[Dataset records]
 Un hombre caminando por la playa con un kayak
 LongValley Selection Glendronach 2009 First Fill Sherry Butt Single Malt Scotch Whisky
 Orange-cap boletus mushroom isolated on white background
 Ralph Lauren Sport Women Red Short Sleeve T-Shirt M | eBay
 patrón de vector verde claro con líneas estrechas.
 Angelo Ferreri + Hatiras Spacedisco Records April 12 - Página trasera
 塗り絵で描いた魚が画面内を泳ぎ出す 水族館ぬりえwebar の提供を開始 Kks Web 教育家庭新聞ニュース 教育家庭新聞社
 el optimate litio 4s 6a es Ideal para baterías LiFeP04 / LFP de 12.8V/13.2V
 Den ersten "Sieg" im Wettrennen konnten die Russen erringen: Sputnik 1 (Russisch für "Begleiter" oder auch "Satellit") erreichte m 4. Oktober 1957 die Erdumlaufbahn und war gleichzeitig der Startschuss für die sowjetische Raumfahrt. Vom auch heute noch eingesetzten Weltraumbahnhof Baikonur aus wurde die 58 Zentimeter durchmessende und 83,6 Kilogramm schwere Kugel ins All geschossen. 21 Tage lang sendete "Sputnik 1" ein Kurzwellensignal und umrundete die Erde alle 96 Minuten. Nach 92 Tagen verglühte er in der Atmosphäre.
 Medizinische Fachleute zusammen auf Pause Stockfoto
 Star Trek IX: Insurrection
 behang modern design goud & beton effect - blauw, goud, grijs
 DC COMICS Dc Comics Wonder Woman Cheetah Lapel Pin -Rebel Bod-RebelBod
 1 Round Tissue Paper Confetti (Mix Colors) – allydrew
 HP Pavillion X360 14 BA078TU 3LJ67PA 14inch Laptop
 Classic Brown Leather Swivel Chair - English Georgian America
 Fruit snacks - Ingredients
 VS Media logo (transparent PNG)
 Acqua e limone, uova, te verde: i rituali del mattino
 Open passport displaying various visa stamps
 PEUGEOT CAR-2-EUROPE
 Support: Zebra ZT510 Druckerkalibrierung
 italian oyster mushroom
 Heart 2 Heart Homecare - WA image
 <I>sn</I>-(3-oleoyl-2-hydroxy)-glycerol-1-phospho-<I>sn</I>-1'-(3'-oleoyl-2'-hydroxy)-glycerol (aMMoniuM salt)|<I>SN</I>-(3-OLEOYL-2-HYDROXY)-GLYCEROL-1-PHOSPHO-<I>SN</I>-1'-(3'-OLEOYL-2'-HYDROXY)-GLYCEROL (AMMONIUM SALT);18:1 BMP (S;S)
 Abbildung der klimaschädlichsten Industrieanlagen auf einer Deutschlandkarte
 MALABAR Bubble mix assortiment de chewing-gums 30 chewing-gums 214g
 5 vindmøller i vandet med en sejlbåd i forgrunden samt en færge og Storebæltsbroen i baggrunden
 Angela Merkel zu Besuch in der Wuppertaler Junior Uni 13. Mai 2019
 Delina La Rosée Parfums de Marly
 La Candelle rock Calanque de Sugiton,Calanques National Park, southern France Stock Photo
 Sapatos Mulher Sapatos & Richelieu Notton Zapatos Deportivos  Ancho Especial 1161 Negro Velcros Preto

#### [Problem to work on]
Your task is to retype the records above exactly.

#### [Answer section]
 Un hombre caminando por la playa con un kayak
 LongValley Selection Glendronach 2009 First Fill Sherry Butt Single Malt Scotch Whisky
 Orange-cap boletus mushroom isolated on white background
 Ralph Lauren Sport Women Red Short Sleeve T-Shirt M | eBay
 patrón de vector verde claro con líneas estrechas.
 Angelo Ferreri + Hatiras Spacedisco Records April 12 - Página trasera
 塗り絵で描いた魚が画面内を泳ぎ出す 水族館ぬりえwebar の提供を開始 Kks Web 教育家庭新聞ニュース 教育家庭新聞社
 el optimate litio 4s 6a es Ideal para baterías LiFeP04 / LFP de 12.8V/13.2V
 Den ersten "Sieg" im Wettrennen konnten die Russen erringen: Sputnik 1 (Russisch für "Begleiter" oder auch "Satellit") erreichte m 4. Oktober 1957 die Erdumlaufbahn und war gleichzeitig der Startschuss für die sowjetische Raumfahrt. Vom auch heute noch eingesetzten Weltraumbahnhof Baikonur aus wurde die 58 Zentimeter durchmessende und 83,6 Kilogramm schwere Kugel ins All geschossen. 21 Tage lang sendete "Sputnik 1" ein Kurzwellensignal und umrundete die Erde alle 96 Minuten. Nach 92 Tagen verglühte er in der Atmosphäre.
 Medizinische Fachleute zusammen auf Pause Stockfoto
 Star Trek IX: Insurrection
 behang modern design goud & beton effect - blauw, goud, grijs
 DC COMICS Dc Comics Wonder Woman Cheetah Lapel Pin -Rebel Bod-RebelBod
 1 Round Tissue Paper Confetti (Mix Colors) – allydrew
 HP Pavillion X360 14 BA078TU 3LJ67PA 14inch Laptop
 Classic Brown Leather Swivel Chair - English Georgian America
 Fruit snacks - Ingredients
 VS Media logo (transparent PNG)
 Acqua e limone, uova, te verde: i rituali del mattino
 Open passport displaying various visa stamps
 PEUGEOT CAR-2-EUROPE
 Support: Zebra ZT510 Druckerkalibrierung
 italian oyster mushroom
 Heart 2 Heart Homecare - WA image
 <I>sn</I>-(3-oleoyl-2-hydroxy)-glycerol-1-phospho-<I>sn</I>-1'-(3'-oleoyl-2'-hydroxy)-glycerol (aMMoniuM salt)|<I>SN</I>-(3-OLEOYL-2-HYDROXY)-GLYCEROL-1-PHOSPHO-<I>SN</I>-1'-(3'-OLEOYL-2'-HYDROXY)-GLYCEROL (AMMONIUM SALT);18:1 BMP (S;S)
 Abbildung der klimaschädlichsten Industrieanlagen auf einer Deutschlandkarte
 MALABAR Bubble mix assortiment de chewing-gums 30 chewing-gums 214g
 5 vindmøller i vandet med en sejlbåd i forgrunden samt en færge og Storebæltsbroen i baggrunden
 Angela Merkel zu Besuch in der Wuppertaler Junior Uni 13. Mai 2019
 Delina La Rosée Parfums de Marly
 La Candelle rock Calanque de Sugiton,Calanques National Park, southern France Stock Photo
 Sapatos Mulher Sapatos & Richelieu Notton Zapatos Deportivos  Ancho Especial 1161 Negro Velcros Preto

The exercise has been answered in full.